* _Dataset excerpt_:
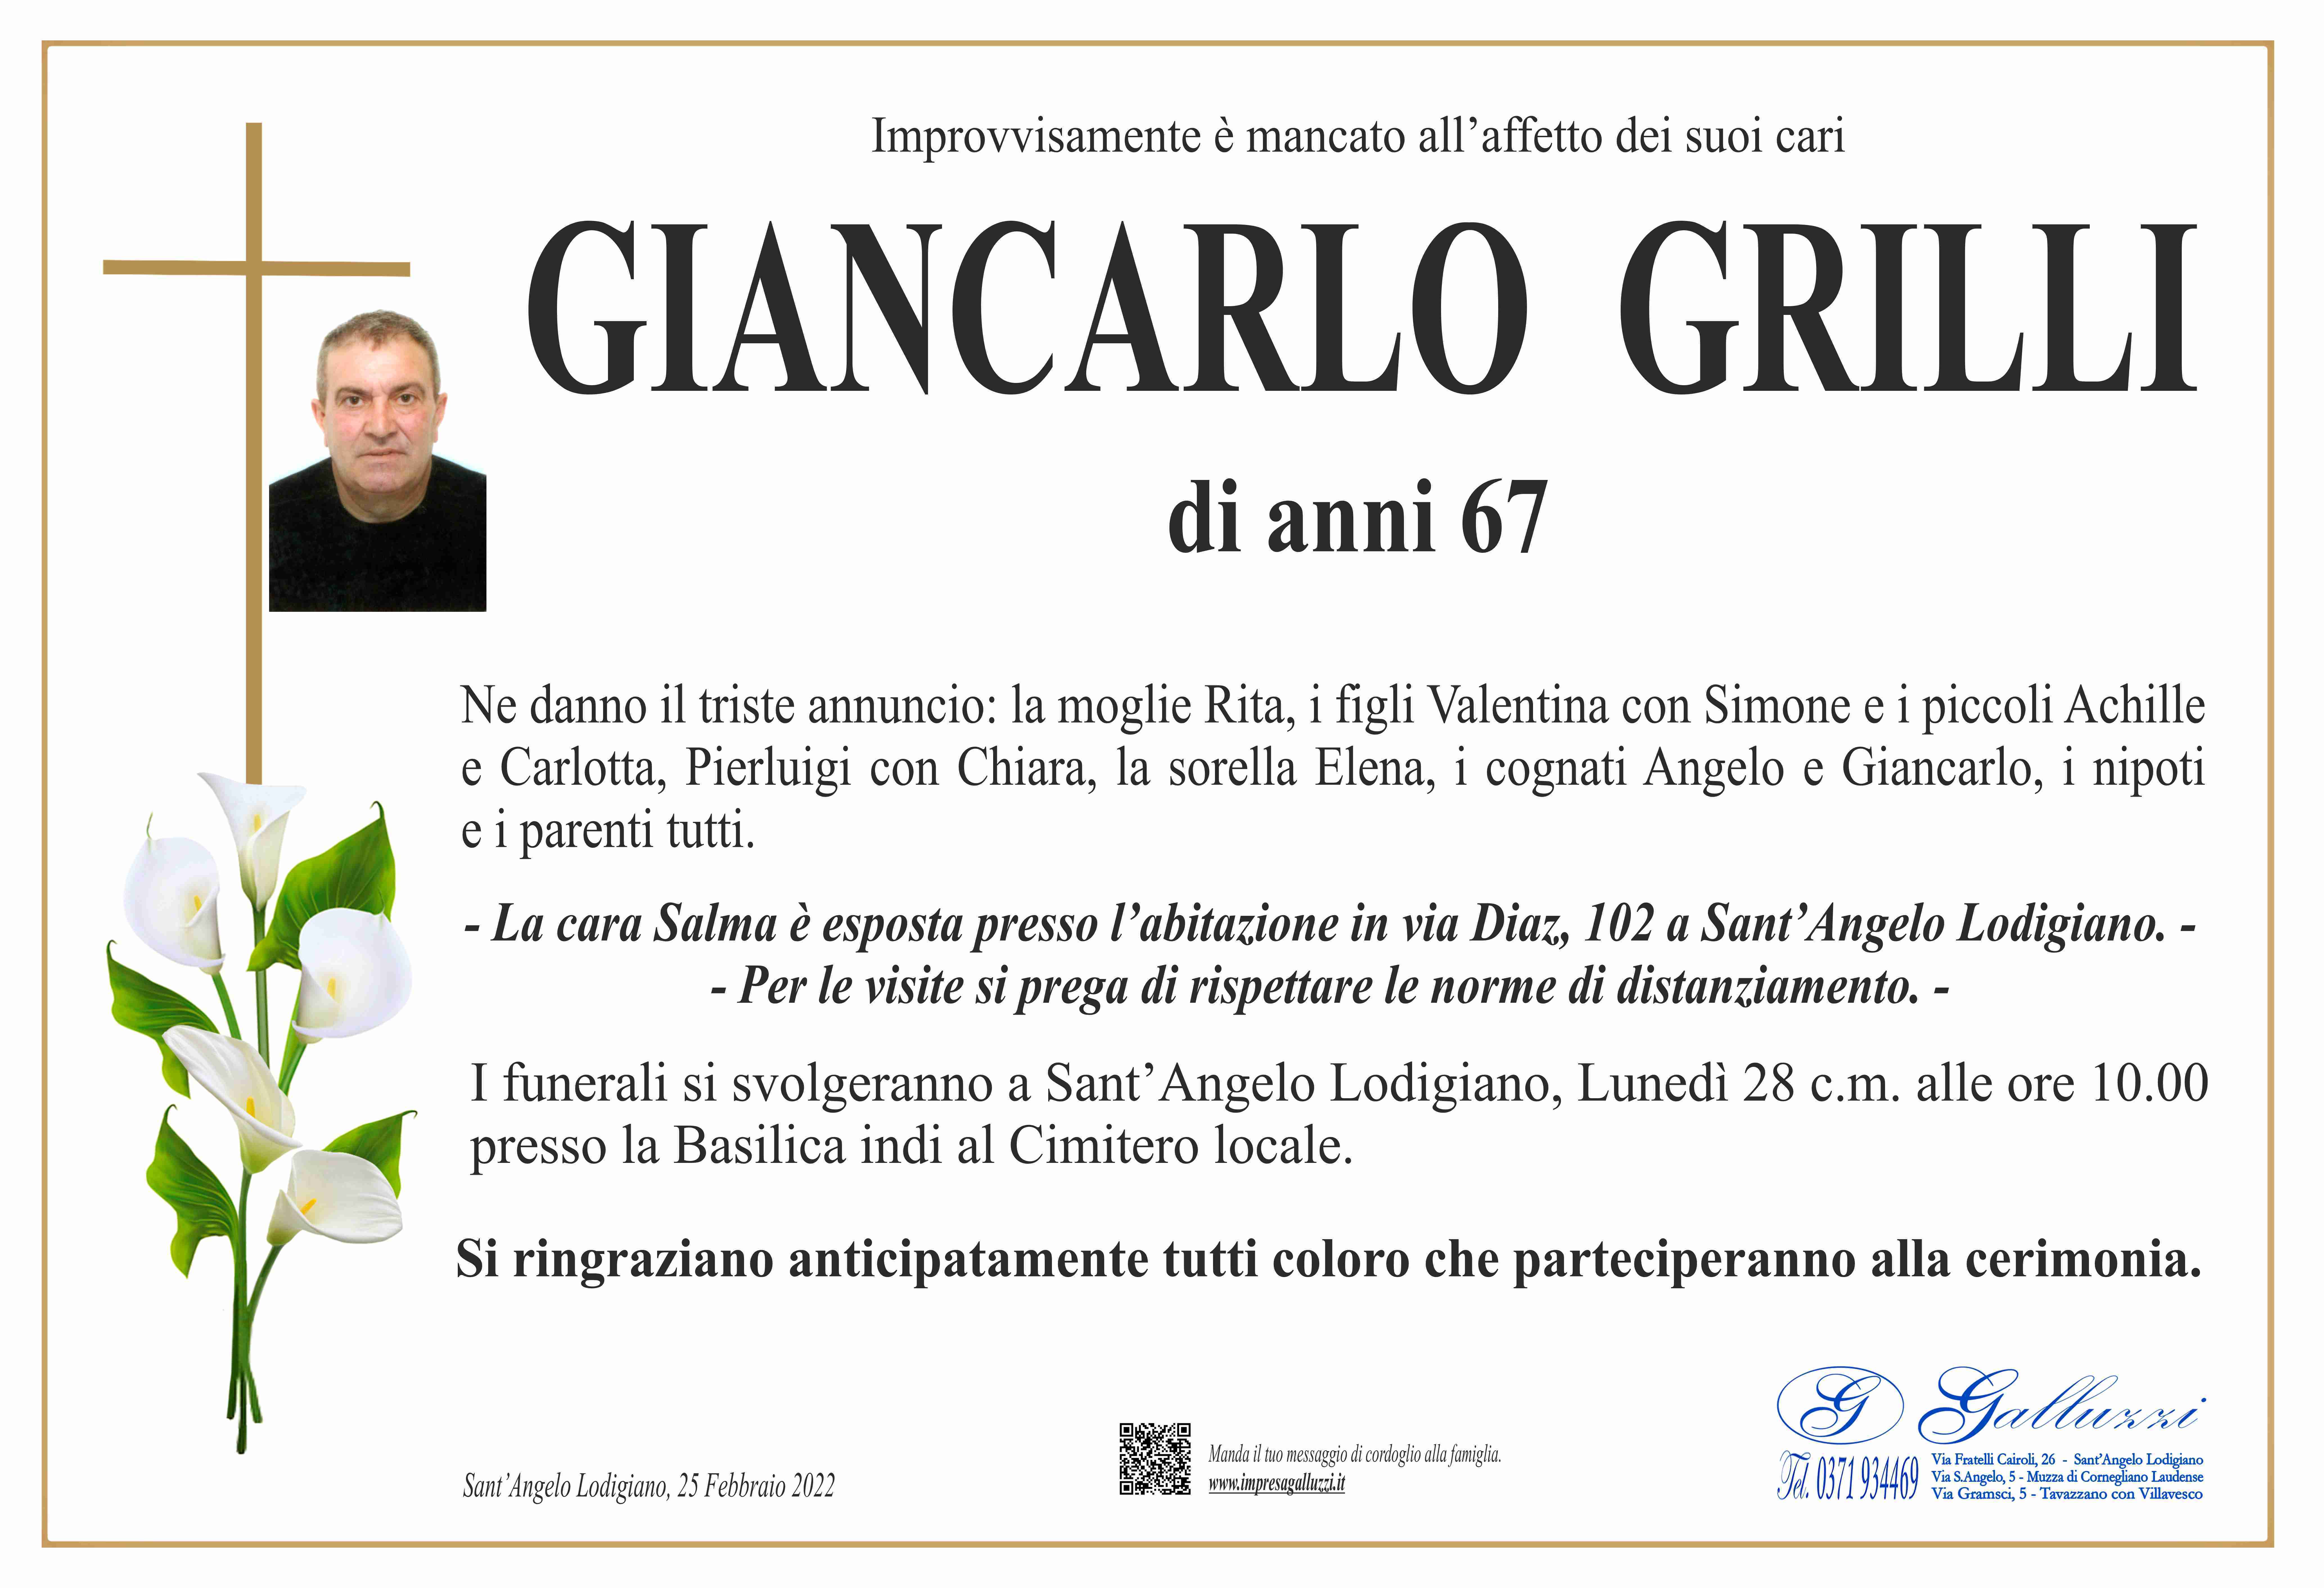 Giancarlo Grilli
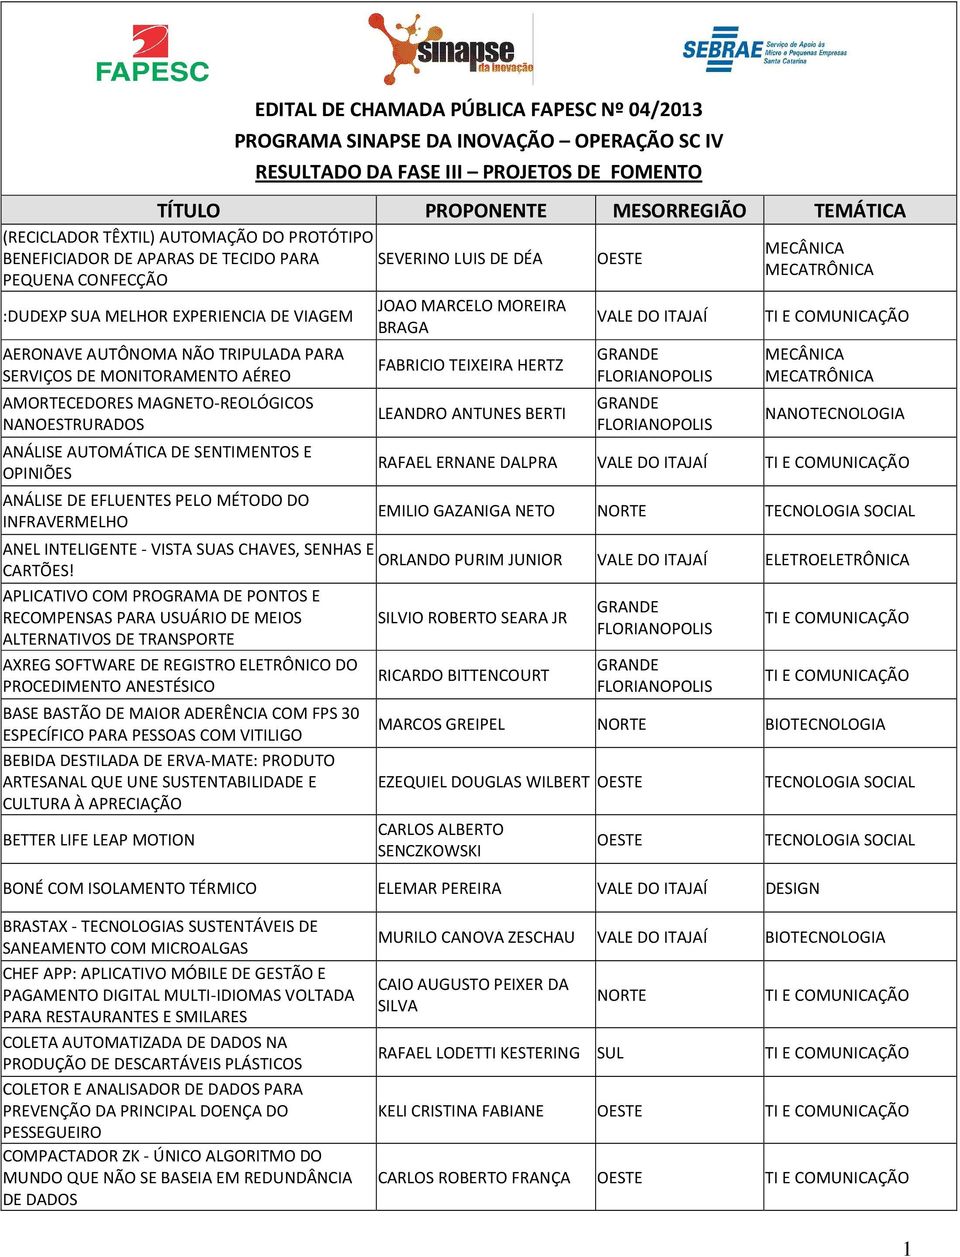 SERVIÇOS DE MONITORAMENTO AÉREO AMORTECEDORES MAGNETO-REOLÓGICOS NANOESTRURADOS ANÁLISE AUTOMÁTICA DE SENTIMENTOS E OPINIÕES ANÁLISE DE EFLUENTES PELO MÉTODO DO INFRAVERMELHO FABRICIO TEIXEIRA HERTZ
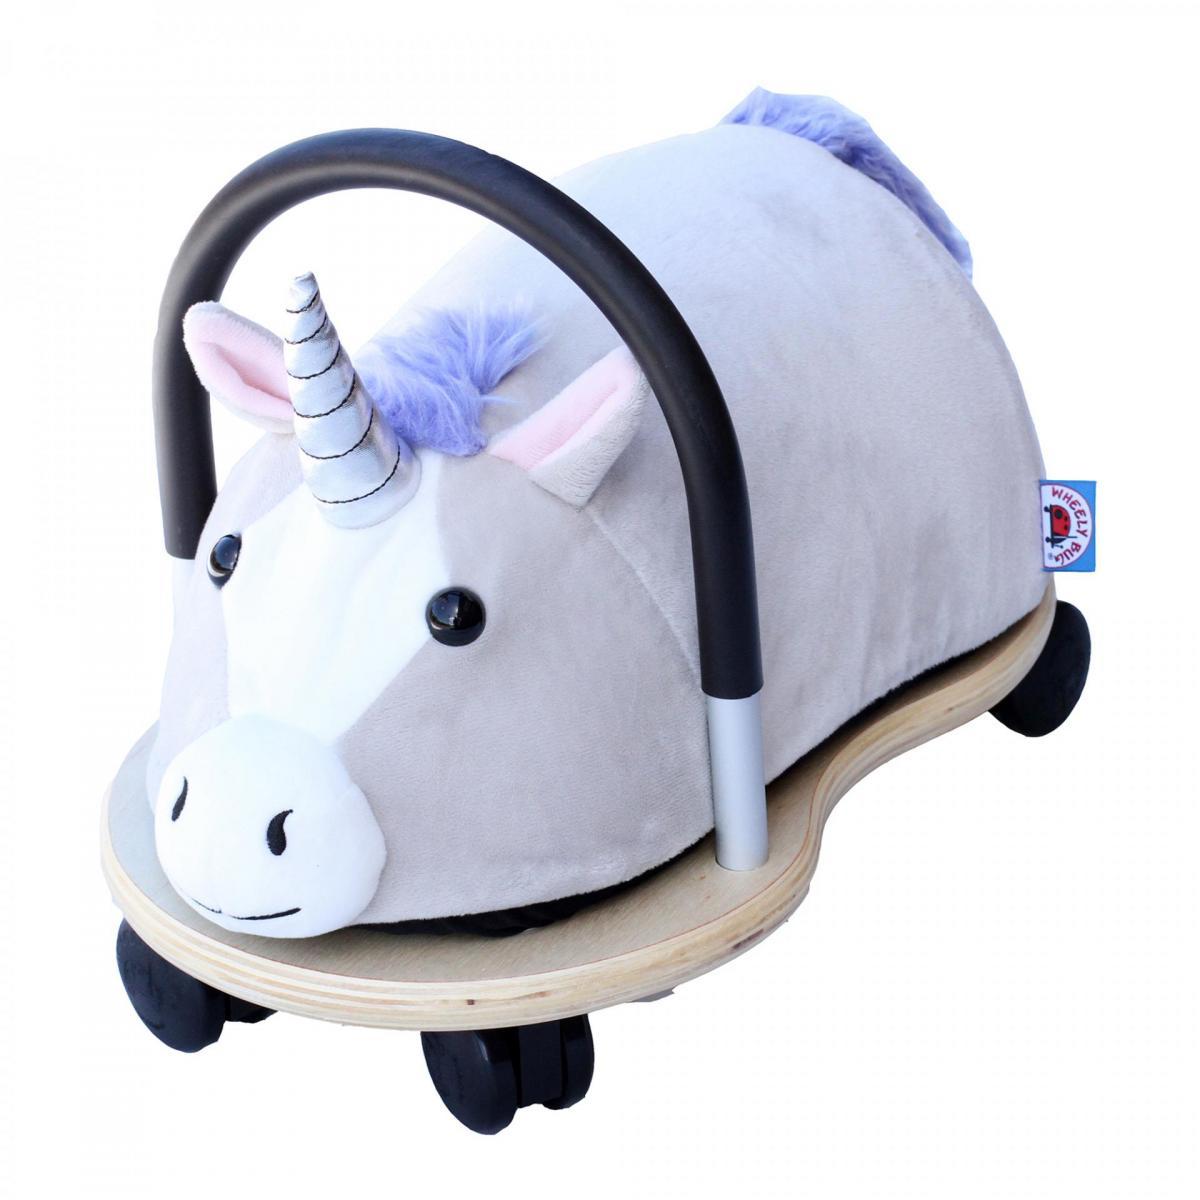 Ride On Plush Bug - Unicorn

* _What is expected_: Copy the data in full. No pictures belong in the copy.

* _Task solution_:
 Giancarlo Grilli
 SERVIÇOS DE MONITORAMENTO AÉREO AMORTECEDORES MAGNETO-REOLÓGICOS NANOESTRURADOS ANÁLISE AUTOMÁTICA DE SENTIMENTOS E OPINIÕES ANÁLISE DE EFLUENTES PELO MÉTODO DO INFRAVERMELHO FABRICIO TEIXEIRA HERTZ
 Ride On Plush Bug - Unicorn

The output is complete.